Raising Entrepreneurial Kids
The following is an amalgamation of “family economy” stories from EO families who have implemented the family financial system laid out in Richard and Linda Eyre’s new book, The Entitlement Trap: How to rescue your child with a new family system of choosing, earning, and ownership. The Eyres can be reached at www. TheEyres. com.
My spouse and I got to thinking one day how “nuts” it was to accumulate money and wealth, but never teach our kids how to handle it or even how to have the financial savvy necessary to thrive in this topsy-turvy economic world they are growing up in.

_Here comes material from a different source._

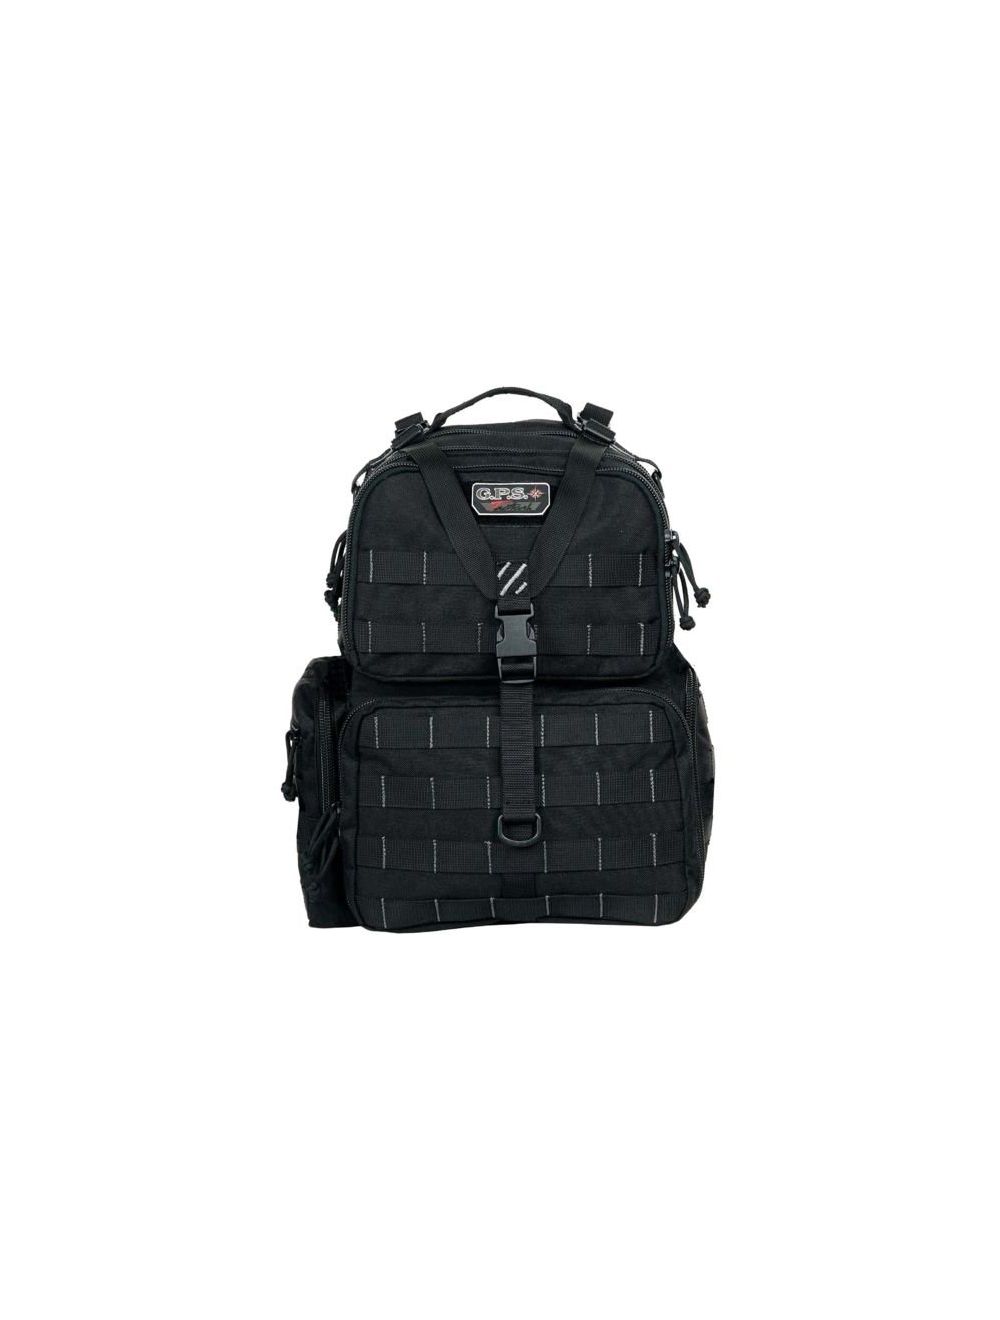 Tactical Range Backpack - Holds 3 Handguns

We realized that we had an economy in our own home, but it was essentially a welfare and entitlement economy. Kids asked for money (or toys or whatever) and got them. They felt that they deserved whatever they wanted and whatever their friends had, without working or waiting. And the “allowances” they received were essentially hand-outs.
– Were we setting them up for failure?
– Was our indulgence fostering an entitlement attitude?
– Were we undermining their initiative and motivation and even their entrepreneurial spirit by giving them too much?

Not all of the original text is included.